Sounding quite a lot like The White Stripes, of course how could they not with just a drum and a guitar to guide them, or maybe Jack White has been binding his breasts and cheating an octave or two? Either way, they can hold their own nicely in front of a live crowd. Vocally, there was a hint of Joan Jett and some Pamela Moore, but Lindsey Troy is ultimately unique in her voice and could kick an Opera into touch with ease.
The sound this duo make is uncomplicated and seriously fucking loud.
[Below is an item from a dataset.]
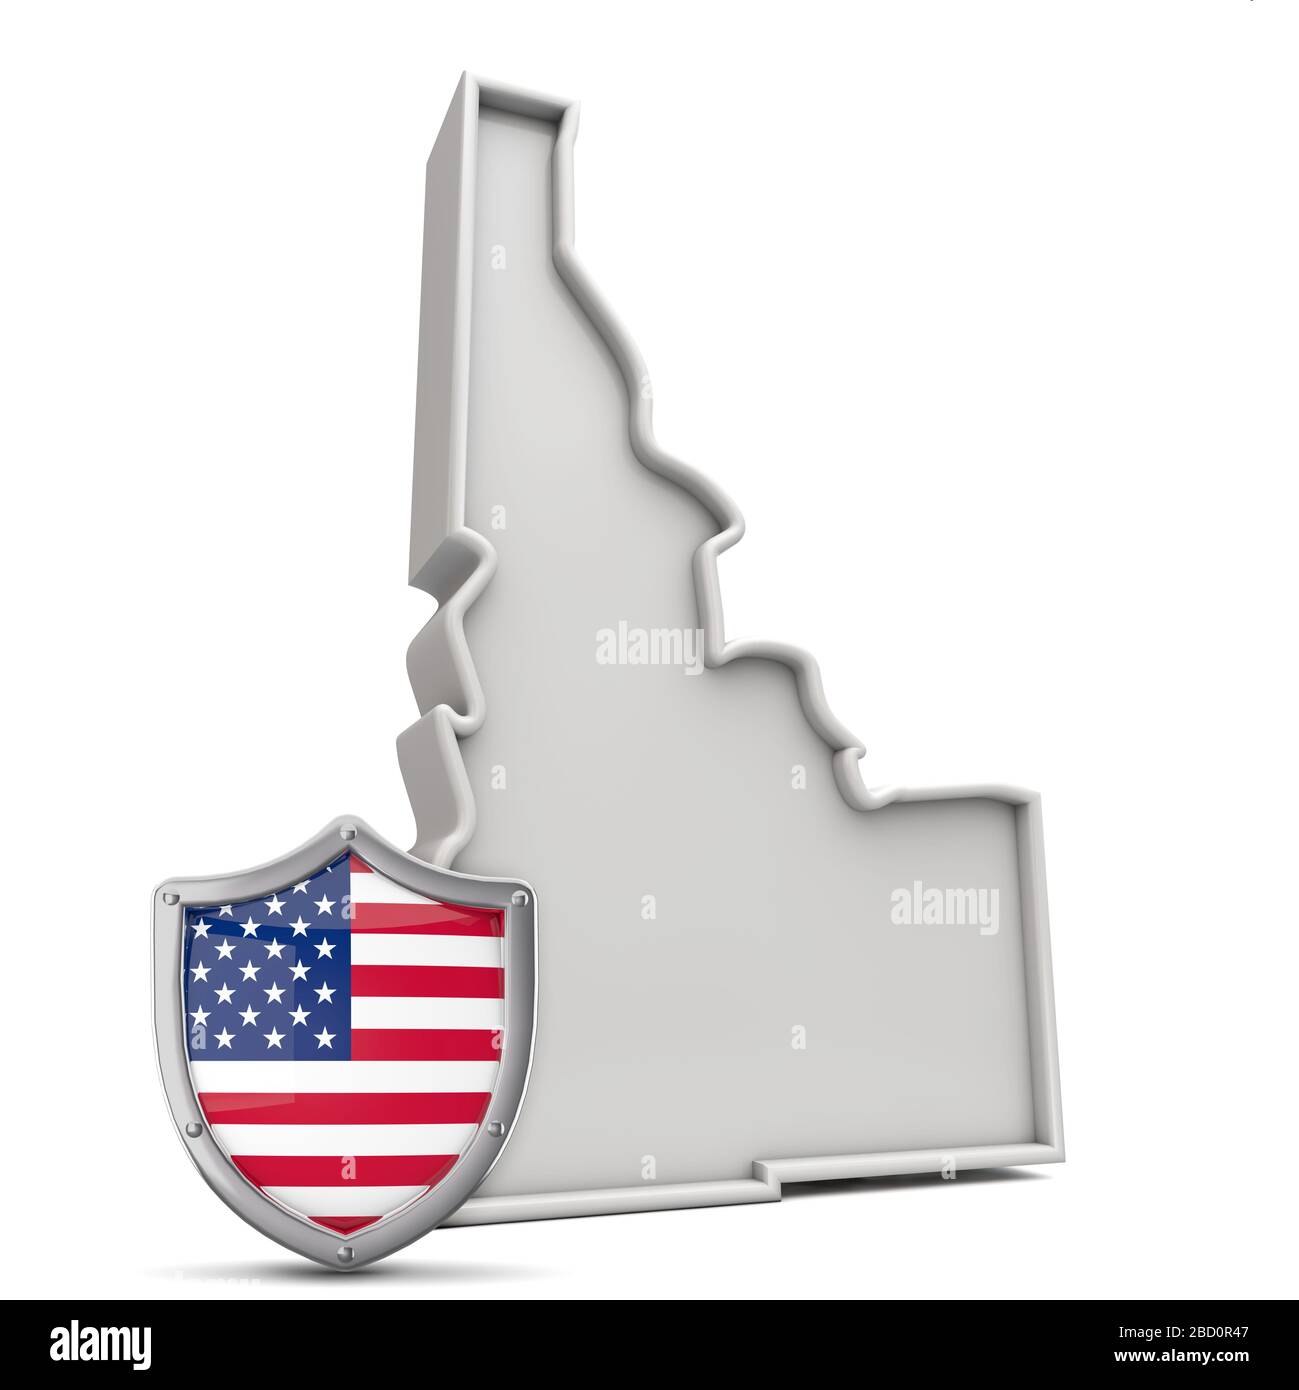 American state of Idaho, with stars and stripes shield. 3D Rendering Stock Photo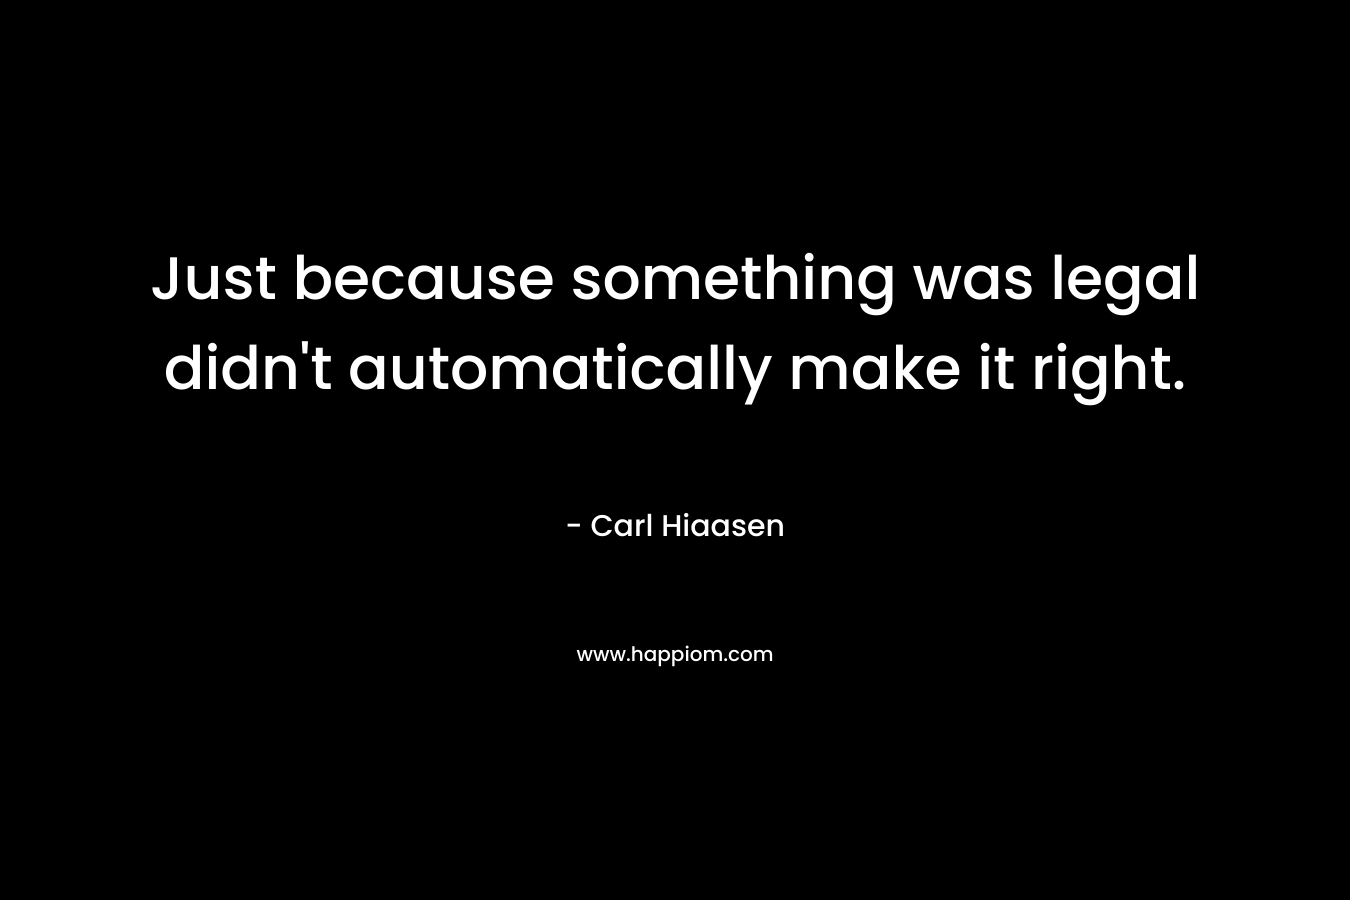 Just because something was legal didn't automatically make it right.

As Deap Vally made an entrance at The SCC, Edmonton, Alberta, there was a whisper of “oh, it’s a chick”. Followed by “oh, another one.” Who were the crowd expecting? Rob Halford, or maybe even Dave Navarro? They both have a feminine side.
Having already played the stage with Thurston Moore, Dinosaur Jnr and Sir Iggy of Pop, they are obviously no strangers to the big guns, but Troy and partner Julie Edwards, did seem genuinley thankful to be playing pre Queens of The Stone Age.
Unusually for an opening act they had interesting banter and the crowd was appreciative. Most of the males in attendance now sporting a super stauner, after a mental visual of the ladies in swim wear, at the World Water Park, West Edmonton Mall, the day prior to the show.
Vine became a recient of a QOTSA video loop when the ladies hotfooted it to the pit for the Headliners.
The marauding mountain of a man that is Josh Homme (pronounced Om me) had his desert disciples bouncing by song three and they barely took a break for the two hour set.
Little wonder there is no confusion on the stage, as band members hop from one instrument to another, but there isn’t and it makes for an excellent set and creatively cannot be touched.
From a thrashing threesome on guitar, to a haunting vocal brought by Homme, this bunch of Cactus Cowboys has it all.
In reviewing the band you will likely catch a hint of early David Bowie, here and there with Some Killing Joke along the way. That in itself is a stroke of artistic fabulousness.
A backdrop with video that incuded blood, gore and crows, to support the latest record Like Clockwork, put the icing on the already excellent cake.
As Make It Wit Chu was presented, some in the audience were doubtless imagining a closed eyed, slow dance, with a citrus scented Homme, while during other songs he appeared a touch posessed, a little clumsy and was possibly out to lunch with the Vicar and fiddling with the Organist!
Kudos has to be given to the dud (no, it’s not a typo) with the worlds crappest mowhawk haircut. It was dodgy as he pushed his way to front row, it wobbled like flaccid knob, it had parted at the crown and was probably held up with semolina, or a similar type substance, just to be totally toppled by a crowd surfer at the shows rear end..
Queens Of The Stone Age don’t play shit shows. Admirers of the band are willing to attend and show their full support for the fabulous sense of untiming.
It’s a guarantee that everyone in attendance at SCC left, QOTSA deaf!